The Mugello is a historic region and valley in northern Tuscany, in Italy, corresponding to the course of the River Sieve. It is located to the north of the city of Florence and includes the northernmost portion of the Metropolitan City of Florence. The Futa Pass connects the Mugello valley to the separate Santerno river valley.

History

The Mugello valley was settled by a Ligurian tribe known as the Magelli, hence the name. Then the region was occupied by the Etruscans who left many archaeological traces and who built the first road network of the Mugello.

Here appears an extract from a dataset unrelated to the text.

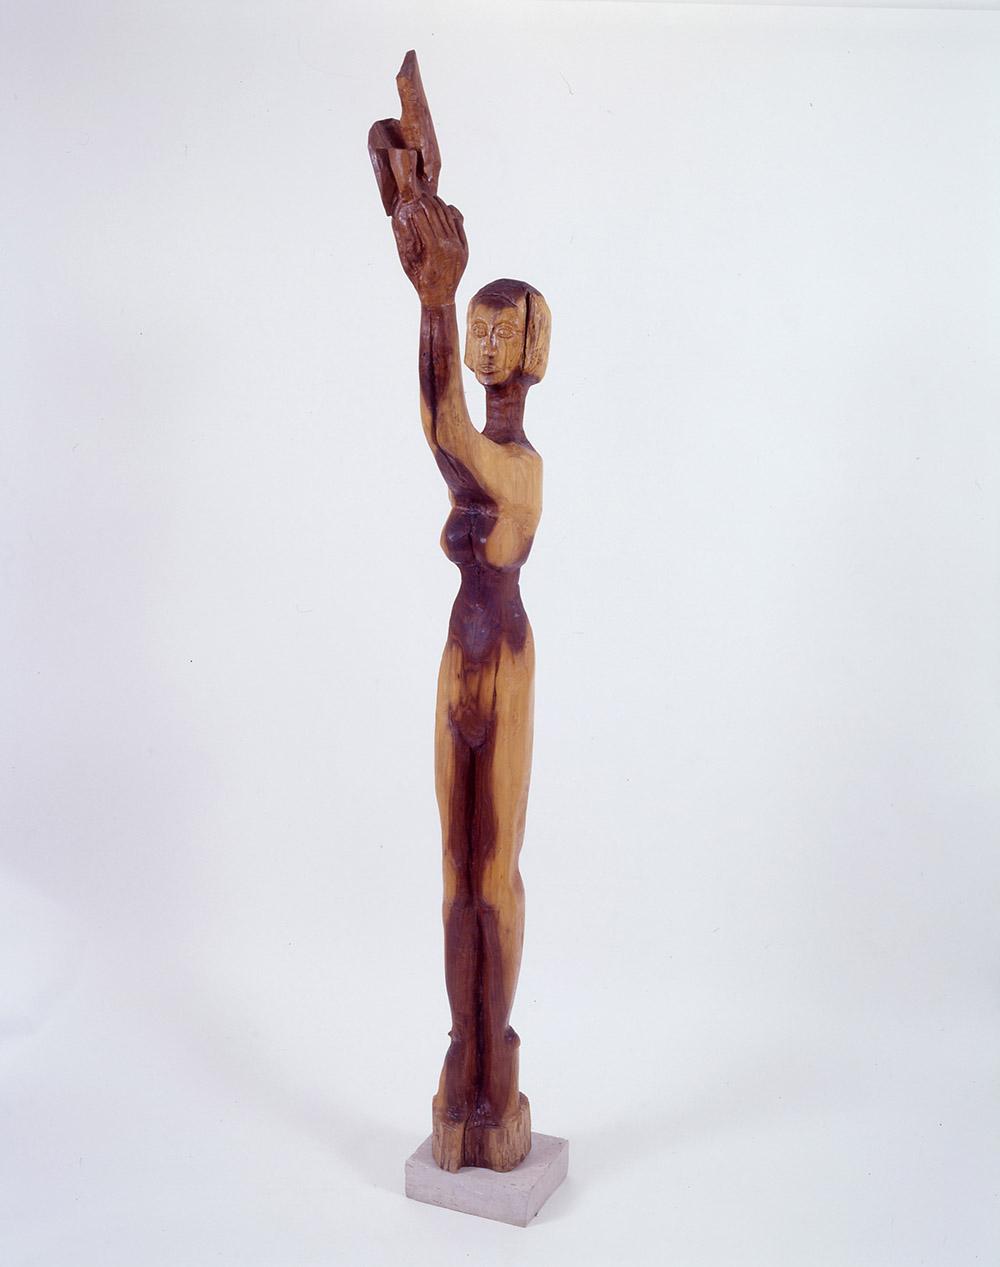 25.b-Ono-Capturing-Peace-1986.-Walnut-wood-38.1-x-30.5-x-20.3-cm-x.jpg

The subsequent Ancient Roman conquest and colonization of the Mugello region dates back to the 4th century BCE. It is not only testified  by several finds such as tombs, coins, and walls, but also, through toponymy, e.g. names of places ending with the praedial suffix -ano (Latin -anus) or -ana: Cerliano, Figliano, Marcoiano, Galliano, Lucignano, etc.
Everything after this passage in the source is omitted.